The following query should output the file created above:

 json-file("data.json")

The above queries do not actually use Spark. Spark is used when the I/O workload can be parallelized, which is the case with a FLWOR expression. The simplest such query goes like so, here with 10 partitions:

for $i in json-file("data.json", 10)
return $i

The above creates a very simple Spark job with only a creation and an action.

Data can be filtered with the where clause. Below the hood, a Spark transformation will be used:

for $i in json-file("data.json", 10)
where $i.quantity gt 99
return $i

Rumble also supports grouping and aggregation, like so:

for $i in json-file("data.json", 10)
let $quantity := $i.quantity
group by $product := $i.product
return { "product" : $product, "total-quantity" : sum($quantity) }

Rumble also supports ordering, like so. Note that clauses (where, let, group by, order by) can appear in any order. The only constraint is that the first clause should be a for or a let clause.
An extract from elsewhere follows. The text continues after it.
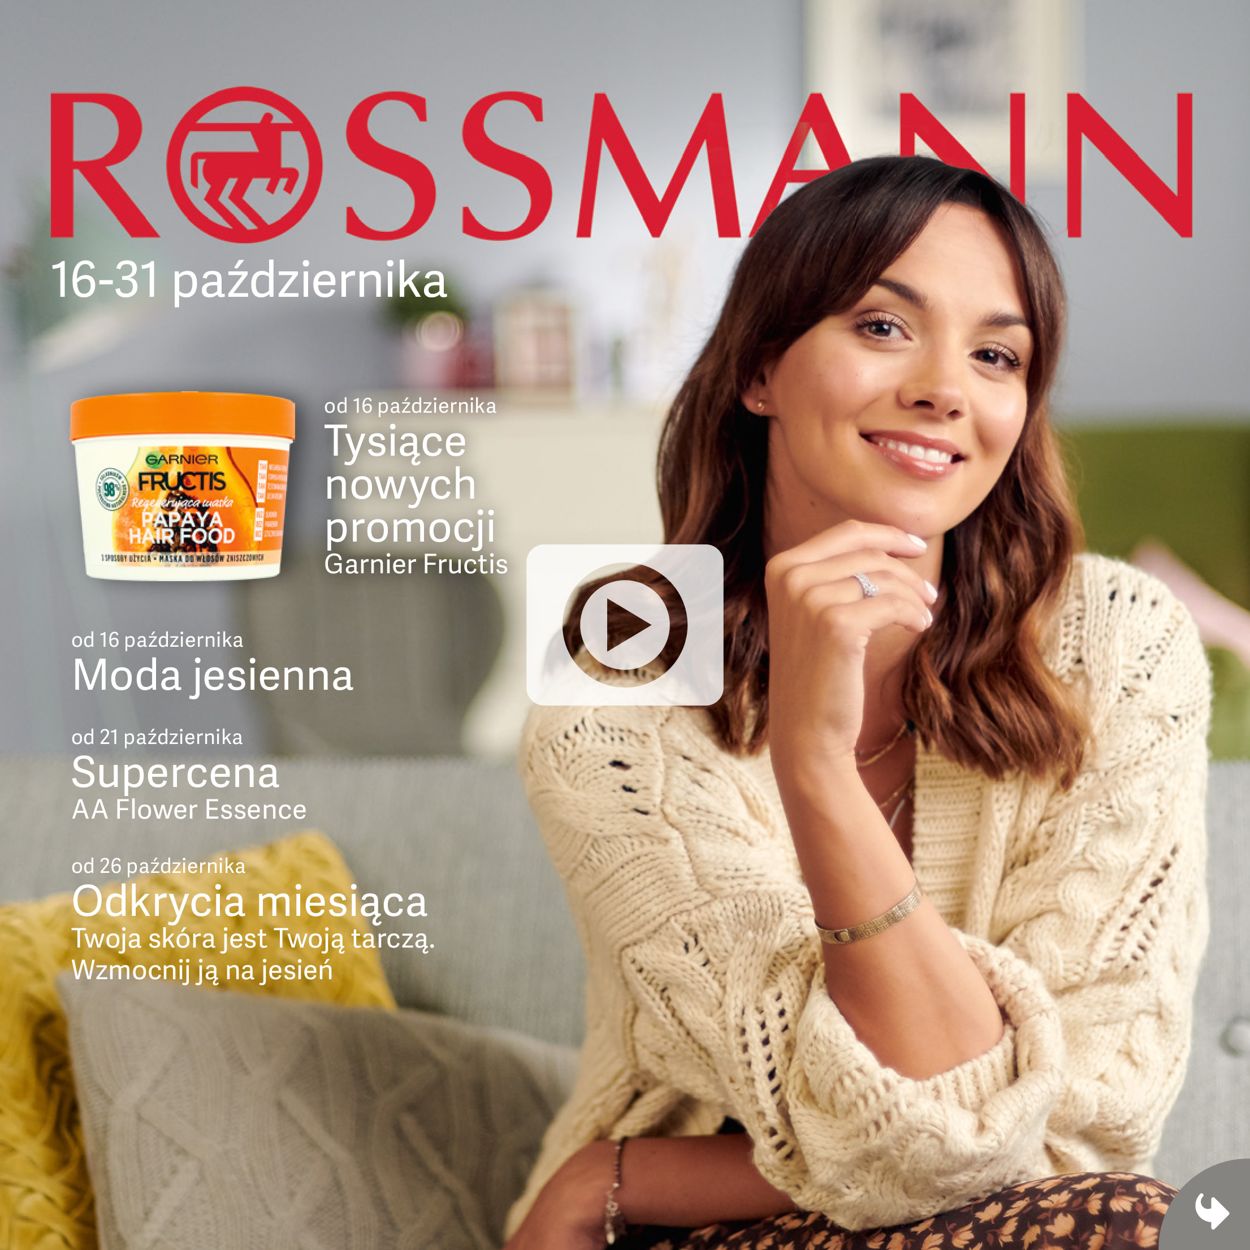 Rossmann Gazetka od 16.10.2019

for $i in json-file("data.json", 10)
let $quantity := $i.quantity
group by $product := $i.product
let $sum := sum($quantity)
order by $sum descending
return { "product" : $product, "total-quantity" : $sum }

Finally, Rumble can also parallelize local data, exactly like Sparks' parallelize() creation:

for $i in parallelize((
 { "product" : "broiler", "store number" : 1, "quantity" : 20  },
 { "product" : "toaster", "store number" : 2, "quantity" : 100 },
 { "product" : "toaster", "store number" : 2, "quantity" : 50 },
 { "product" : "toaster", "store number" : 3, "quantity" : 50 },
 { "product" : "blender", "store number" : 3, "quantity" : 100 },
 { "product" : "blender", "store number" : 3, "quantity" : 150 },
 { "product" : "socks", "store number" : 1, "quantity" : 500 },
 { "product" : "socks", "store number" : 2, "quantity" : 10 },
 { "product" : "shirt", "store number" : 3, "quantity" : 10 }
), 10)
let $quantity := $i.quantity
group by $product := $i.product
let $sum := sum($quantity)
order by $sum descending
return { "product" : $product, "total-quantity" : $sum }

Mind the double parenthesis, as parallelize is a unary function to which we pass a sequence of objects.

Further steps

More details on FLWOR expressions can be found in the JSONiq specification.